Guide Note: Why not pull down a few bucks while deriding Hollywood's fashion victims on Oscar night? Organizing an Oscar pool for your friends or co-workers is as easy as printing out a pre-made form online and collecting the dough.
How to Organize an Oscar Pool will walk you through organizing a pool, creating a ballot and handicapping the winners.
Oscar Telecast: February 24, 2008 at 8PM ET
Table of Contents:
- Also try: Oscar Party Tips
Introduction
- Once a year, Hollywood's finest gather in the Kodak Theater to congratulate themselves on a job well done. They make long-winded speeches thanking their agents and politely smile through tedious monologues and solemn montages.

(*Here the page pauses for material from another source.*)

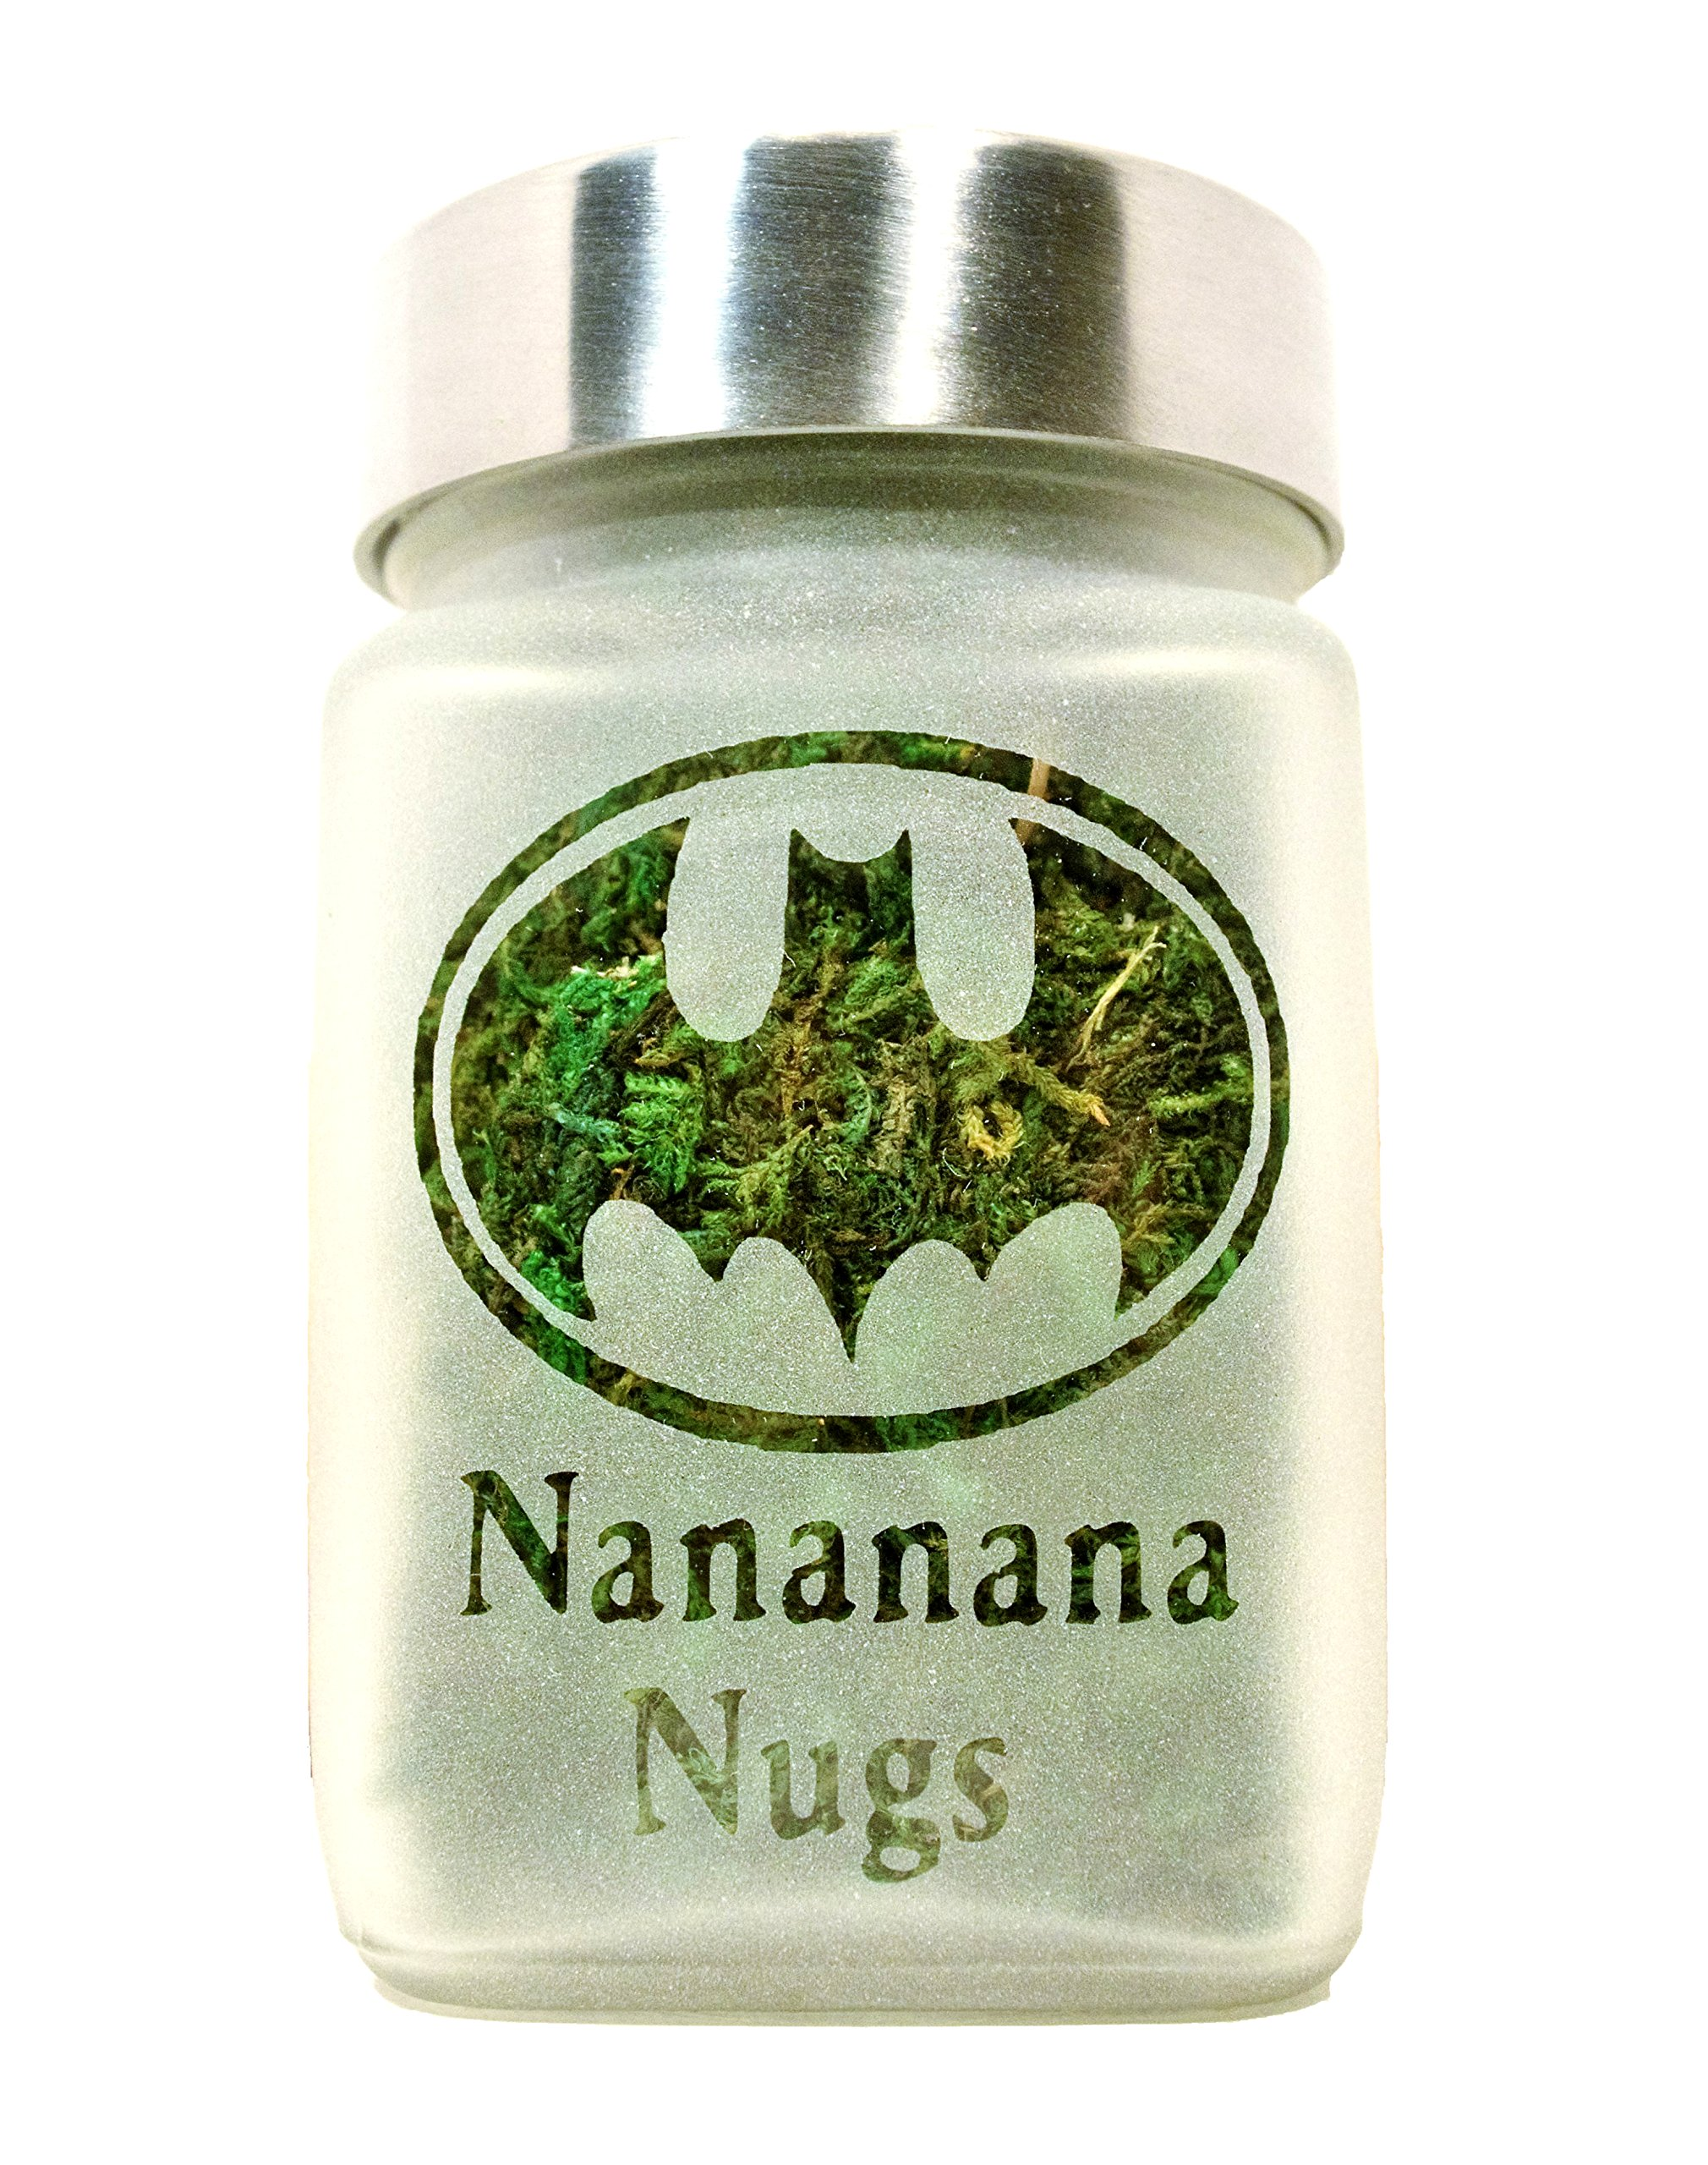 Retro Batman Stash Jar | Nananana Nugs Weed Jar and Weed Accessories | Stoner Gifts, Stash Jars & Stoner Accessories

- We, on the other hand, get to hurl bon mots at the screen from the comfort of our living rooms and, if we're lucky, put away some cash thanks to the perennially popular Oscar pool.

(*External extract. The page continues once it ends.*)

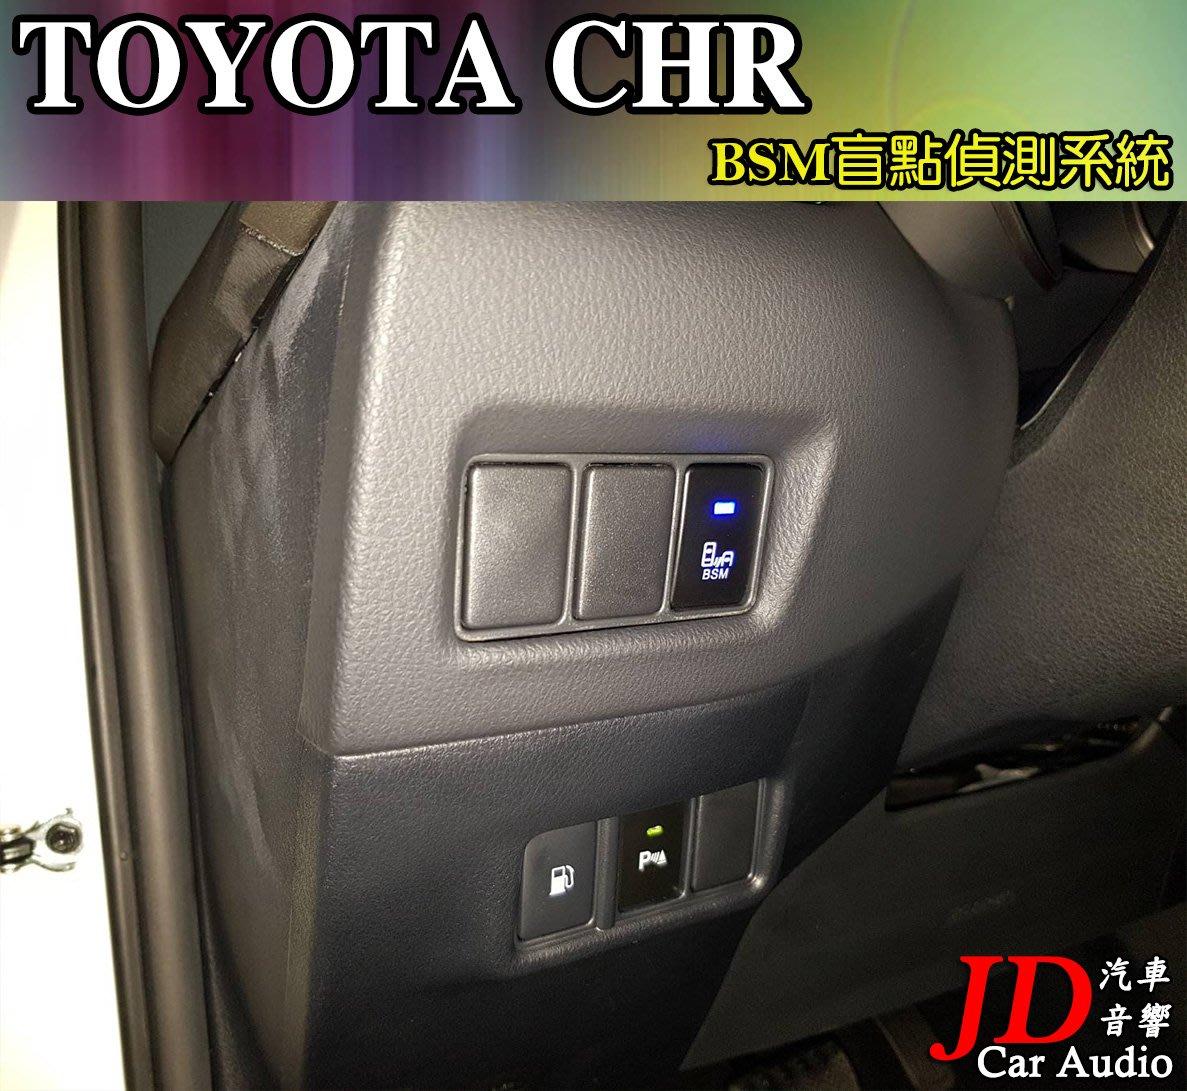 【JD汽車音響】實裝車 TOYOTA CHR BSM盲點偵測系統 盲區偵測系統 車側警示 NCC國家認證 免鑽洞。1

- Setting up a pool is easy to do thanks to the official Oscar website, which provides downloadable ballots. All you have to do is collect the cash and tally the votes.

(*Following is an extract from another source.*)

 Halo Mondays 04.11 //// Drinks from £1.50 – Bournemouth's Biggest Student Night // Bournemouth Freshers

Step 1: Invite People to Participate
- Whether you're throwing a full-blown Oscar party or organizing a pool for your co-workers, you'll want to let people contemplate their picks well in advance of the Oscar broadcast date (February 24, 2008 at 8PM ET).
Office Oscar Pool
- If you're organizing an office Oscar pool, be sure that recreational gambling is copacetic with the higher-ups.
- Set dates for the distribution and collection of the ballots, and settle on a nominal participation fee.
- Once you have the official go-ahead and all the details nailed down, invite your co-workers to participate in the pool via email, signage in a common area or whatever means of communication is appropriate in your office.
- Don't leave anyone out. You don't want any hurt feelings, and besides, the more people who participate, the larger the pool is!
Oscar Party
- If you're throwing an Oscar party, be sure to give your invitees plenty of time to plan for the occasion. Alert people at least two weeks prior to the event.
- If guests will be filling out their ballots at the party, be sure that the party starts a couple of hours before the Oscar broadcast.
- Keep the fee to participate low so everyone can be included.
- You can send out paper invitations, contact people via email or use one of the the following online invite services:
- Evite
- Renkoo
- Event Wax
- Windows Live Events
- Phonevite (Sends out recorded voice messages to friends.)
Step 2: Create a Ballot
- While you can get fancy creating an online ballot or website dedicated solely to your party, your best bet is the old school paper ballot.
Print a Pre-Made Ballot
- If you want to forgo designing your own ballot or deciding on which categories to include, you can download a pre-made Oscar ballot from the official Oscars website or Yahoo! Movies. Magazines like Entertainment Weekly will also print ballots as the broadcast date draws closer.
- The following ballots will open as PDF files:
- Oscars.com: Printable 2008 Oscar Ballot (PDF)
- Yahoo! Movies: Printable 2008 Oscar Ballot (PDF)
Design a Ballot
- If you're the creative type and want to design your own ballot, take the following into consideration:
- Decide which categories you'd like to include. You can go with the basics—Best Picture, Best Actor, etc. Or, you can throw in some categories that are more difficult to guess like Best Animated Short Film. The more categories you use the less likely you are to run into ties. You can find a complete list of nominees at the Academy of Motion Pictures Arts and Sciences website.
- Add a tie-breaker to your ballot. Include a tough Oscar trivia question at the end of your ballot to help break any ties or decide ahead of time that you'll split the winnings between all the first place finishers.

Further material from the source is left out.